Я уже сказал, что людям, неосведомленным в обстоятельствах, мое письмо могло дать повод к большим нареканиям на меня. Он с радостью заметил это; но как воспользоваться этим преимуществом, не компрометируя себя? Показывая это письмо, он навлек бы на себя упрек в злоупотреблении доверием друга.
Чтобы выйти из этого затруднения, он задумал порвать со мной самым обидным образом и подчеркнуть в своем письме, что щадит меня, не показывая моего письма. Он был твердо уверен, что под влиянием гнева и возмущения я отклоню его притворную деликатность и разрешу ему показывать мое письмо всем: именно этого-то он и добивался, и все случилось так, как он подготовил. Он пустил мое письмо по всему Парижу со своими комментариями, не имевшими, однако, такого успеха, как он ожидал. Нашли, что разрешение показывать мое письмо, которое он сумел у меня вынудить, не избавляет его от порицания за то, что он с такой готовностью поймал меня на слове и старается вредить мне. Все спрашивали, какие у нас с ним личные счеты? Чем вызвана столь сильная ненависть? Наконец находили, что, если б даже с моей стороны была вина, вынуждавшая его пойти на разрыв, – дружба, даже угасшая, все же имеет свои права, и ему следовало уважать их. Но, к несчастью, Париж легкомыслен; мимолетные суждения быстро забываются; отсутствующим неудачником пренебрегают; удачливый хитрец импонирует своим присутствием; игра интриги и злобы длится, возобновляется, и вскоре ее непрестанное действие уничтожает все, что ей мешало.

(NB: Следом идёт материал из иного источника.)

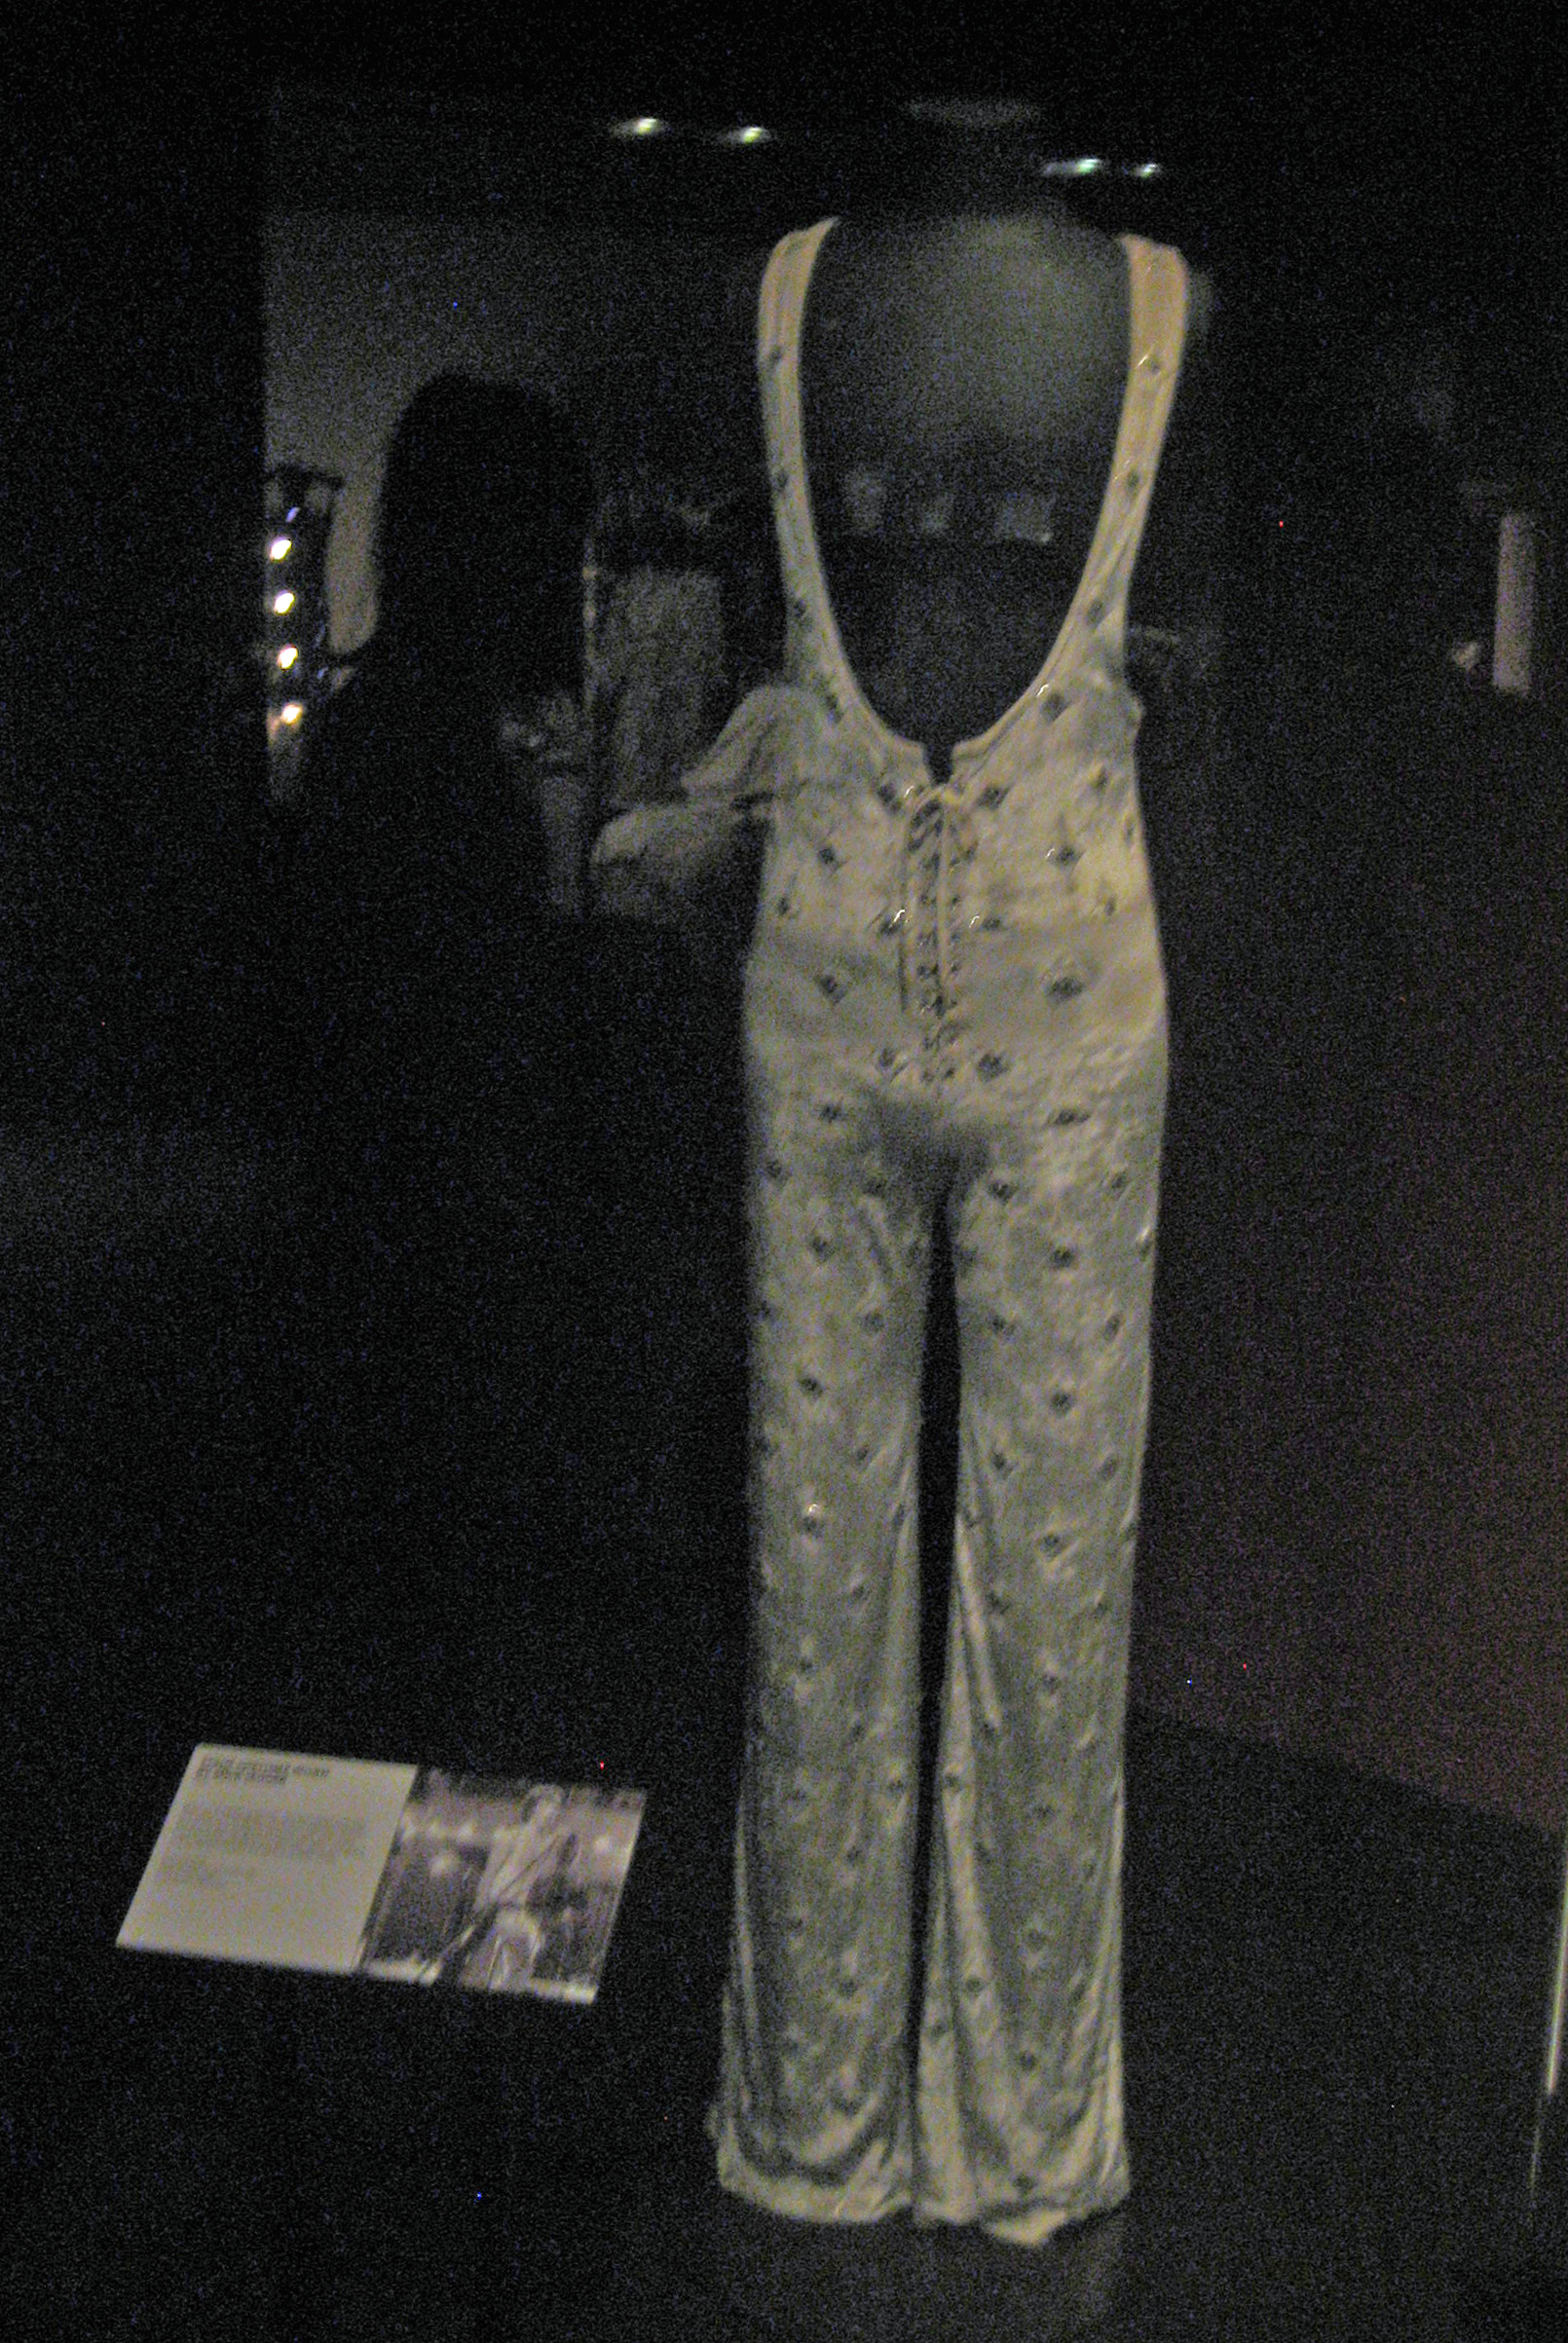  Mick Jagger stage costume

Вот каким образом, после такого долгого обмана, этот человек наконец снял передо мной маску, убежденный, что при созданном им положении дел он уже в ней не нуждается. Освободившись от опасения быть несправедливым к этому негодяю, я его предоставил собственной совести и перестал думать о нем. Через неделю после этого письма я получил от г-жи д’Эпине ответ на мое предыдущее письмо, написанный в Женеве (связка В, № 10). По тону, какой она взяла в нем в первый раз в жизни, я понял, что и он и она, рассчитывая на успех своих козней, действуют заодно и, считая меня человеком безвозвратно погибшим, предаются уже безо всякого риска удовольствию окончательно уничтожить меня.

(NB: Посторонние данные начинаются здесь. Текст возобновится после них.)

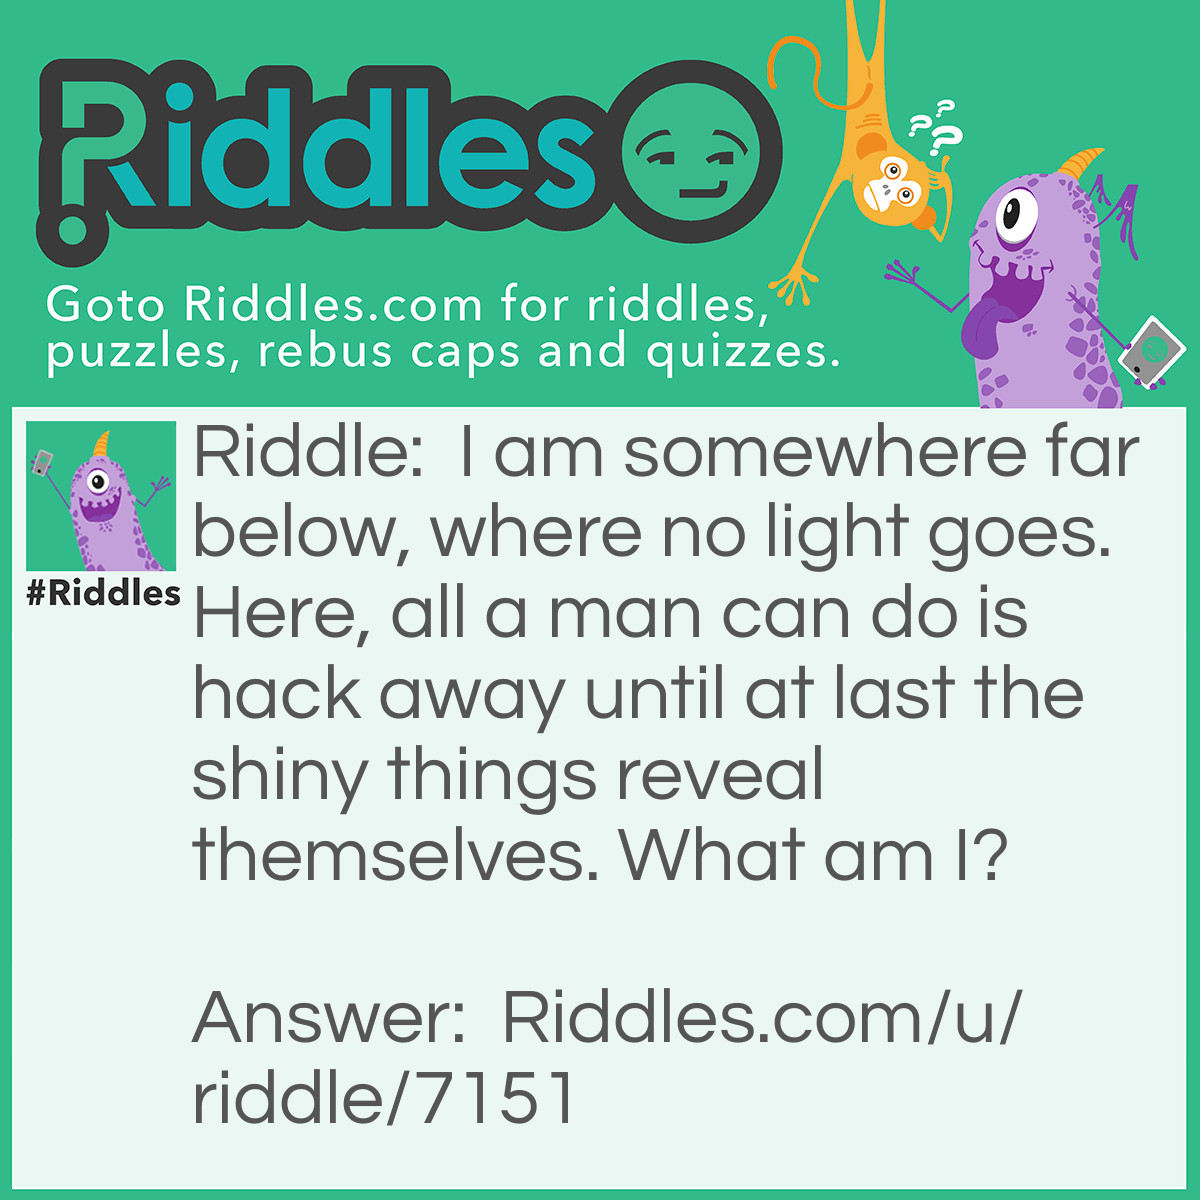 Riddle: I am somewhere far below, where no light goes. Here, all a man can do is hack away until at last the shiny things reveal themselves. What am I? Answer: A (gold) mine.

Положение мое действительно было самым плачевным. Я видел, что от меня отдаляются все мои друзья, и не имел возможности узнать, как и почему это случилось. Дидро, хвалившийся, что всегда останется моим другом и вот уже три месяца обещавший посетить меня, все не являлся. Между тем наступила зима, а с ней начались приступы моих обычных болезней. Мой организм, хоть и крепкий, не мог вынести борьбы стольких противоположных страстей. Я был так изнурен, что не имел ни сил, ни мужества ничему противостоять. Если бы, вопреки моим обязательствам, вопреки настойчивым доводам Дидро и г-жи д’Удето, я решился в это время покинуть Эрмитаж, я не знал бы, куда мне деваться и как выбраться. Я оставался в неподвижности и отупении, не имея сил ни действовать, ни думать о чем бы то ни было. Одна мысль о том, чтобы сделать шаг, написать письмо, сказать несколько слов, приводила меня в содрогание. Однако я не мог оставить без возраженья письмо г-жи д’Эпине, если не хотел признать себя достойным того обращения, какому она и ее друг подвергали меня. Я решил высказать ей свои чувства и намерения, ни одной минуты не сомневаясь, что из человечности, из великодушия, из благопристойности, из добрых чувств, которые, мне казалось, она сохранила ко мне наряду с дурными, она поспешит согласиться со мной. Вот мое письмо:
Написав и отправив это письмо, я стал думать только о том, как бы успокоиться, поправить в Эрмитаже свое здоровье, восстановить свои силы и принять меры к тому, чтобы уехать весной без шума и не подчеркивая разрыва. Но, как сейчас будет видно, это не входило в расчеты г-на Гримма и г-жи д’Эпине.